#### Your goal:
Please restate word for word the lines of the entries below from the one with "Article Tomorrow Algarve" to the one with "Pig and vaccination", inclusive, and leave out every picture.

#### Task inputs:
# # # # #
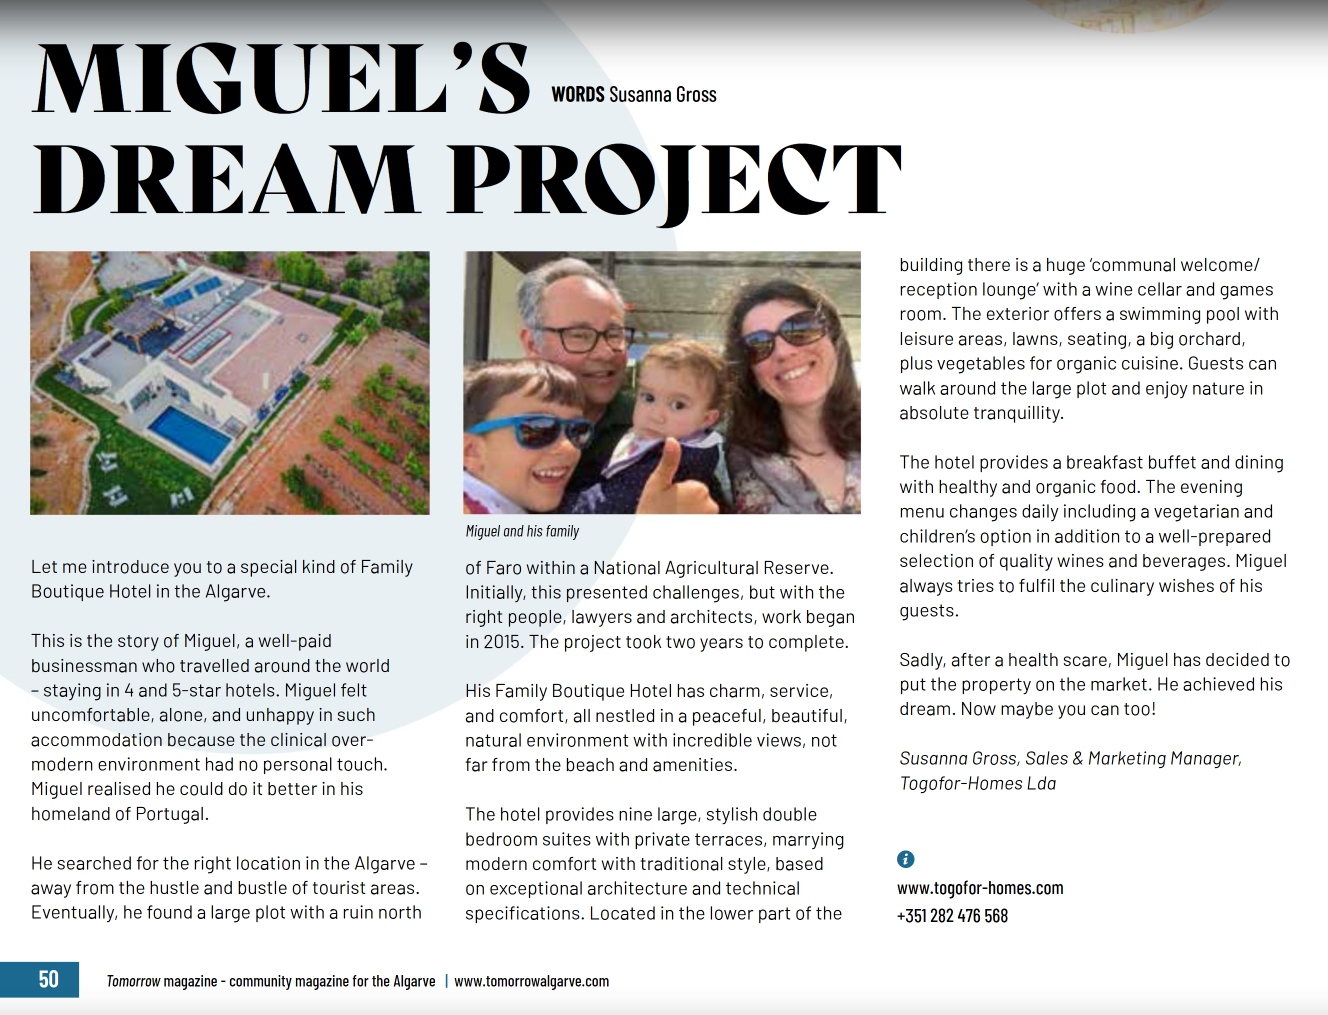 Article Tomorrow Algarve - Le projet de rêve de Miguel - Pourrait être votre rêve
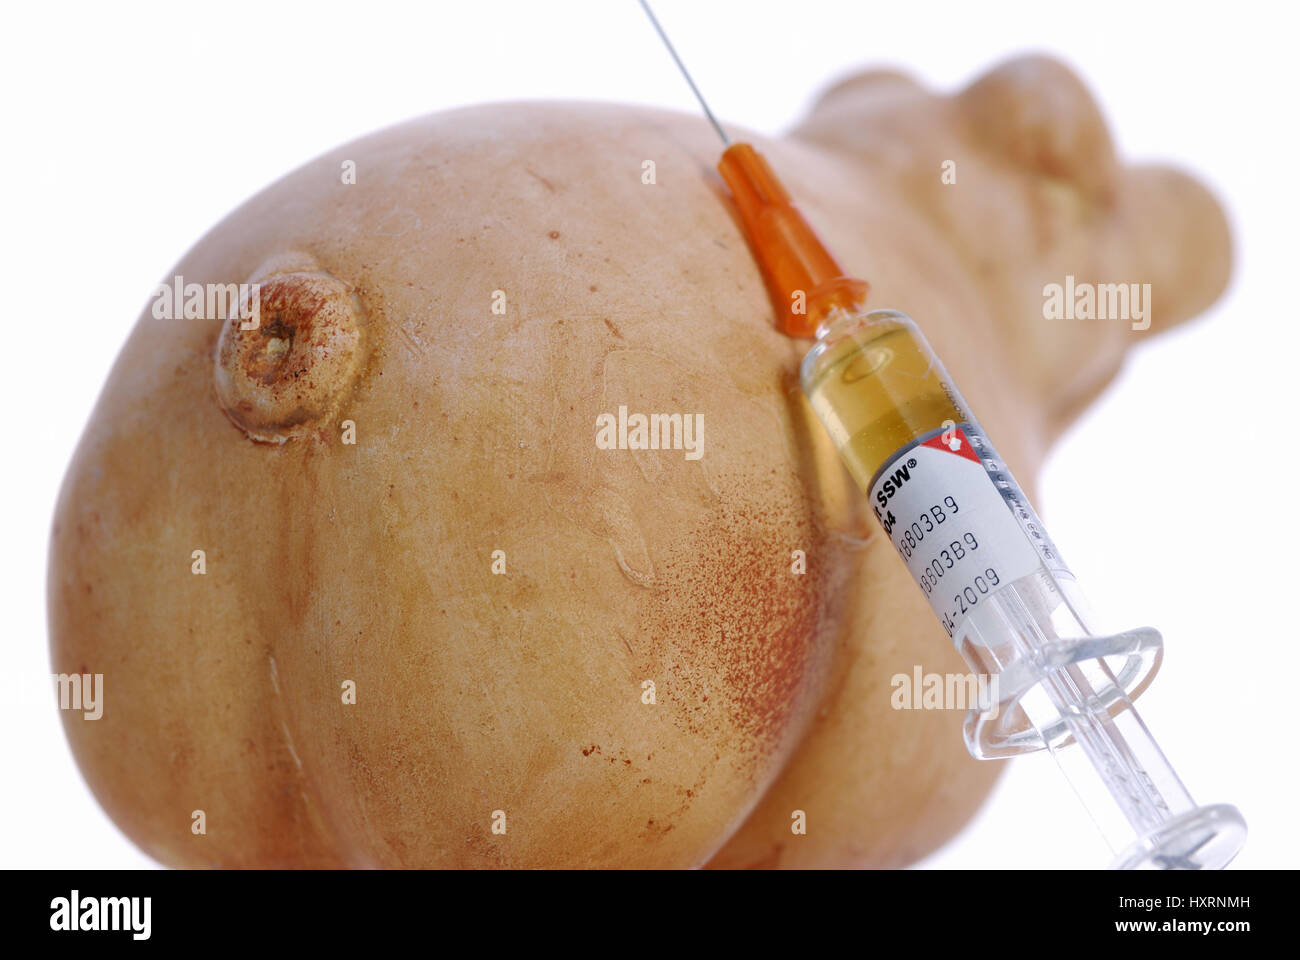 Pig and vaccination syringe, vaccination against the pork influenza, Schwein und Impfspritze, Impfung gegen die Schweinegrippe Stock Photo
# # # # #
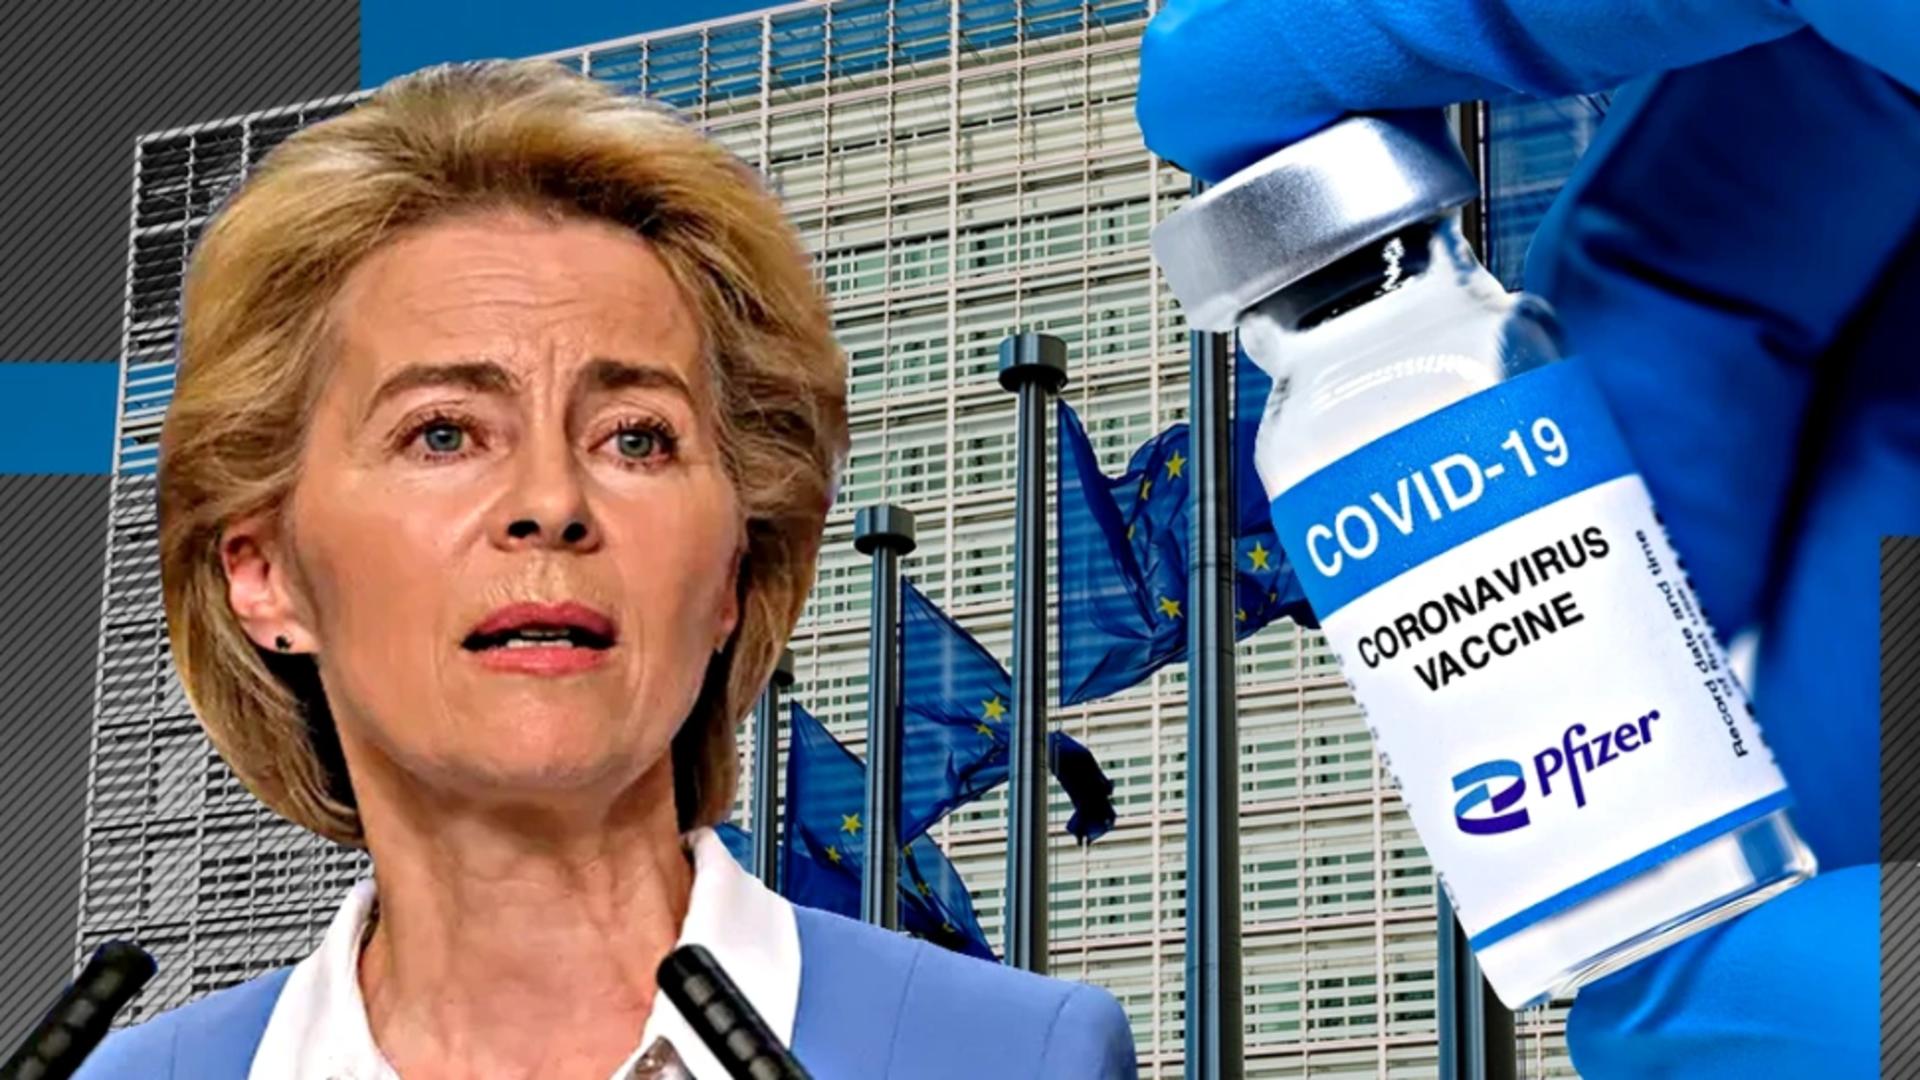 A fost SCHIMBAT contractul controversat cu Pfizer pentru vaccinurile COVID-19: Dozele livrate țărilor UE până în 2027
# # # # #
#### Task response:
 Article Tomorrow Algarve - Le projet de rêve de Miguel - Pourrait être votre rêve
 Pig and vaccination syringe, vaccination against the pork influenza, Schwein und Impfspritze, Impfung gegen die Schweinegrippe Stock Photo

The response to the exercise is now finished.